Education and Empowerment

Education, regardless of the cultural or temporal context in which it is taking place, should result in the empowerment of individuals. Education should leave a person better than what he was and this precisely is the aim of education. Thus, if education does not result in the empowerment of individual, then, it means that education has not performed its function in a proper way.

Now, the question is what it means to empower a person through education? The traditional notion, that has come to us form Plato defines knowledge as a virtue. According to this traditional idea, it is knowledge that actually empowers the individual. This idea is also supported by the thinkers like E.D. Hirsch, who relates the extent of knowledge that a person has with the success in life. Thus, for the people who follow a traditional notion of human well being and empowerment, it is knowledge that gives a person the opportunity to live a better life. The more a person knows, the more a person enjoys value in the society.

However in modern times knowledge becomes obsolete in a very short span of time. The traditional notion that knowledge never changes and remains true forever has lost its credibility. Dewey in one of his writings says:
“With the advent of democracy and modern industrial conditions, it is impossible to foretell definitely just what civilization will be twenty years from now. Hence, it is impossible to prepare the child for any precise set of conditions.”

The above quote from Dewey shows that knowledge and values are not eternally true. Thus, we cannot predict what values and knowledge we will be cherishing after twenty years from now.

Same notion about the eternity and absoluteness of truth can be found in the writings of Nietzsche.

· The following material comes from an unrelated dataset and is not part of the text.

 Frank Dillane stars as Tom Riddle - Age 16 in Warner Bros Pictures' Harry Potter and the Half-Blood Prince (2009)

Nietzsche rejects the notion that truth is eternal and remains true forever. On the other hand, he says that truth is a pragmatic necessity and we have to have faith in the existence of truth, in order to live a proper life.

Thus, from what Nietzsche and Dewey have said about truth, it is quite evident that there is no such thing like eternal or absolute truth.
In modern times, since everything is changing so rapidly, it has become difficult to have a set of fixed values and fixed knowledge. Dewey has pointed out that we even can’t say what it would be like after twenty years, thus, it is not appropriate to give a large body of information to our children as a preparation for life. For information is sure to lose its value in the course of time. Instead of giving them information alone, we can enhance their natural abilities to learn, to construct their own knowledge, to judge and evaluate things properly and to create their own way of dealing with problematic situations.

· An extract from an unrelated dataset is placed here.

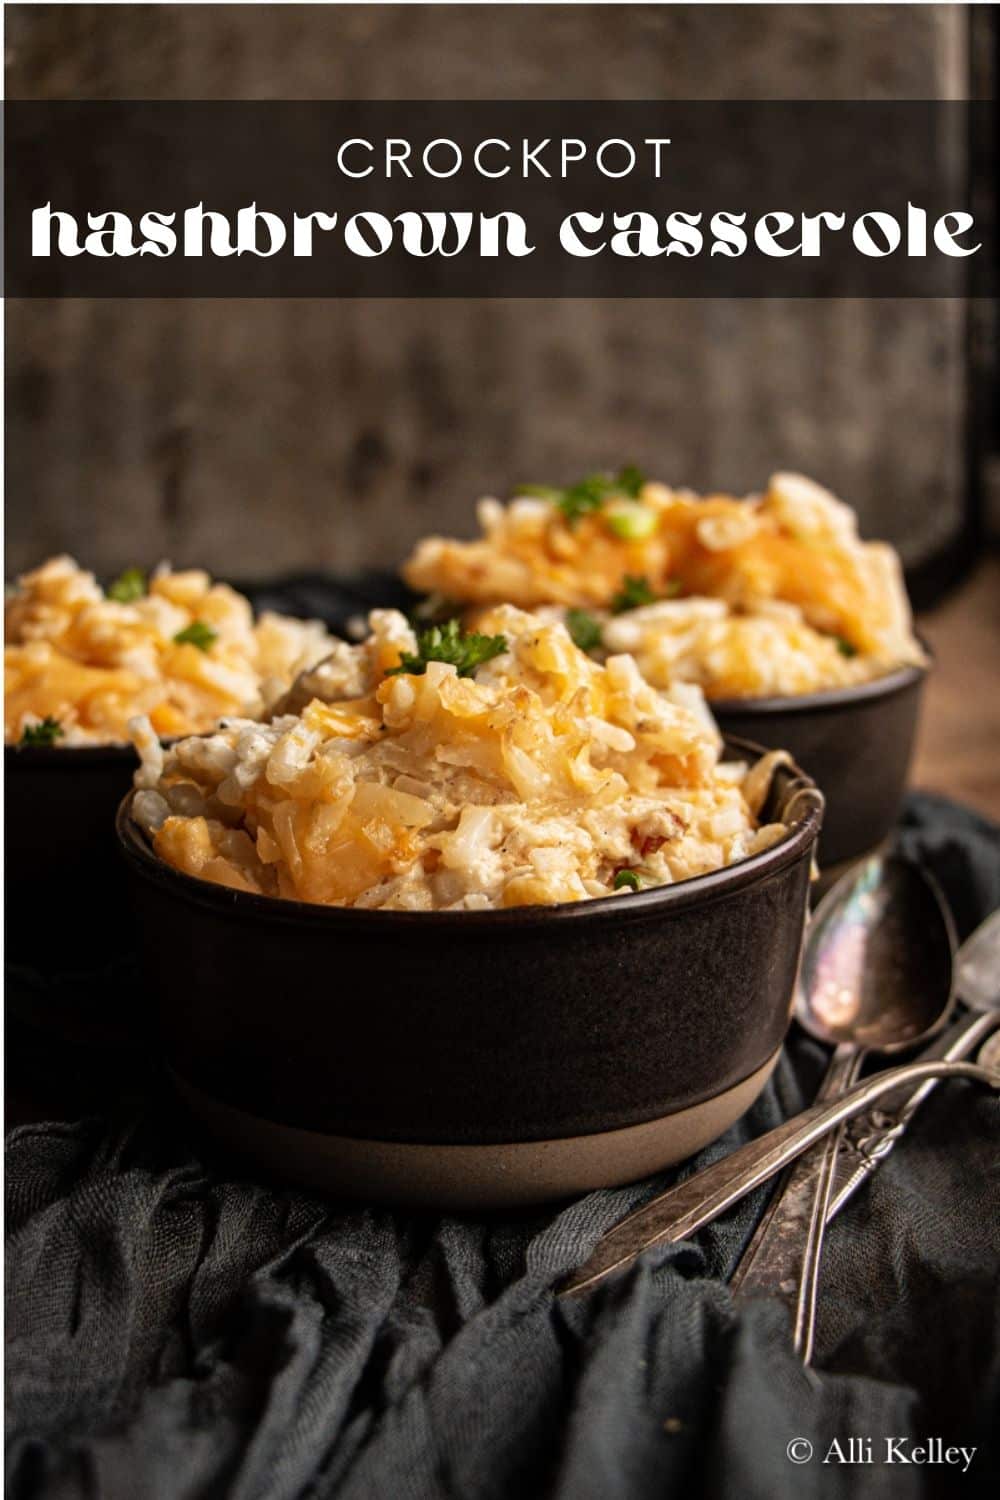 Crockpot hashbrown casserole is a dish the whole family will love! It's cheesy, comforting, and effortless to make. My easy hashbrown casserole is perfect for breakfast, brunch, or dinner – it's that versatile!

Traditional curriculum inculcates fixed ideas which are useless in modern day’s precarious world where an individual can exists as a free-decision-maker alone. To be a free-decision-maker we need freedom to know, judge, decide and act.

Individual and society are not either or terms. Thus, the fact that there are no fixed values has no adverse impact on the fabric of society. A community is nothing but a group of individuals living together, having common aims and sharing their resources. Mass culture that is meant to repress people and to facilitate ruling elite is being propagated through media and formal education. The undermining of originality and original works or high culture and the suppression of individuality through education shows that education is being utilized to serve the purpose of ruling class.

Thus, school in modern days ought to be a place where students should be kept free from learning and memorizing large bodies of information. Children should not be objectified through discipline. There should be no memory tests and traditional sort of examinations. School should support cooperative learning through practical work. Students should be given opportunity to experience things. They should be trained for giving proper judgments and evaluations. They should be encouraged to enhance their moral reasoning through acting freely, according to their impulses and contrary to their habits, in a community of people, without causing any bad consequences for themselves or for others. The teaching learning strategies should be student centered and oriented towards activity. The spirit of inquiry should be enhanced and pedagogical methods should be based on the method of inquiry. The values cherished at schools ought to be democratic. There should be no unnecessary externally imposed discipline in the school except a timetable based on the division of activities and the timings of the school. Students should be divided according to their age group and learning abilities. The hands-on activities carried out at schools should promote creativity and judgment power in the students.